I can’t remember the last time we ran a mail column, but I suppose if I simply toggled over to the World Wide Web and looked at the archived columns, I could figure it out.  Regardless, it has been a while.  Frankly, for the past month I’ve just been receiving a steady dose of emails telling me that I picked the wrong World Series winner.  It seems that White Sox fans have been waiting A LONG time to win it all, so that they could then ream every writer that didn’t pick them when the playoffs began.  Duly noted.  And while we’re here, yes I was wrong about the Bears this year.  And the Bulls last year.  So let’s just move on. 


Here is some mail that deals with more than just the “obvious” World Series winning Sox.


Andrew wonders, “What was the better game/Reggie Bush performance: the Notre Dame game or the Fresno State game?”

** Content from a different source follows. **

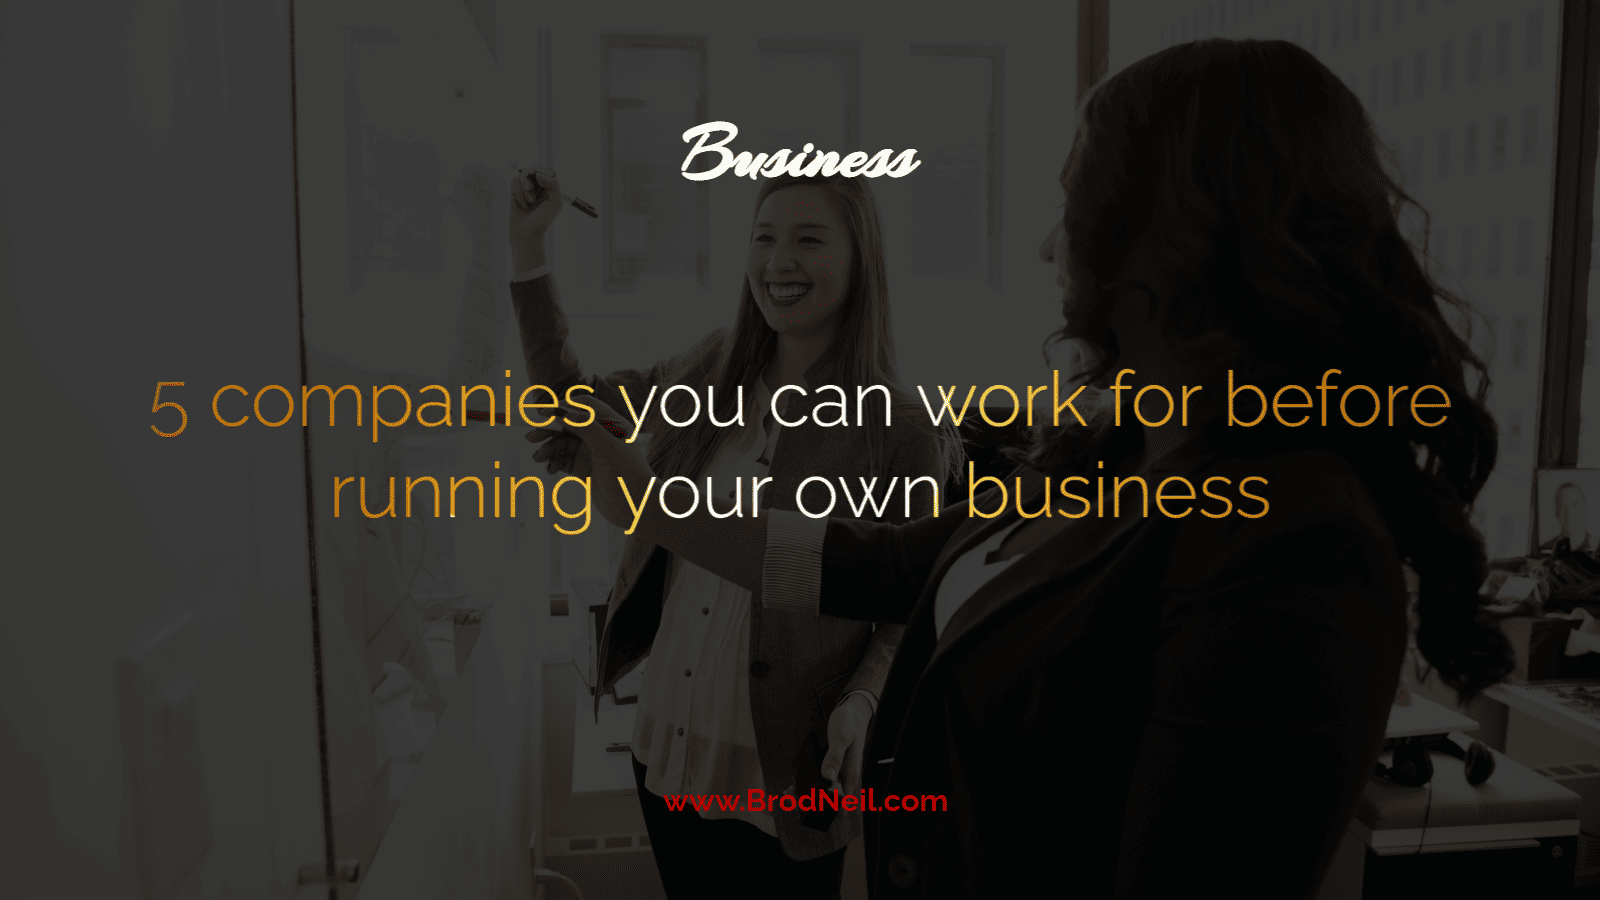 5 companies you can work for before running your own business - work experience

Tough call.  I can tell you that the result of those two games is that I’ve seen my interest in college football go up tenfold, Bush probably (read: should have) locked up the Heisman, and we probably now know who is going #1 in next April’s NFL Draft.  That aside, I have to go with Notre Dame as the better game and Fresno State as the better Bush performance.  The ND-USC game was the best college football game I’ve seen since Miami-Ohio State in the 2003 Fiesta Bowl, and maybe the best regular season game I’ve ever seen.  But while Bush played a huge role in that contest, it will be the Fresno State game that everyone remembers him by.  The cut back run where he stopped on the sideline and pulled the ball back behind his hip was absolutely sick.  He had probably a dozen jaw-dropping highlights on his way to breaking the Pac-10 record for all purpose yards … all while single-handedly staving off what appeared to be a sure upset loss to the Bulldogs.  How do you do better than that?  I’ve got Bush as the best college running back since Barry Sanders, maybe even since O.J.  Expect him to be just as good at the next level.


Staying with college sports, we have Mike: “Who are you tabbing to win it all in college hoops?  Please don’t say Duke.”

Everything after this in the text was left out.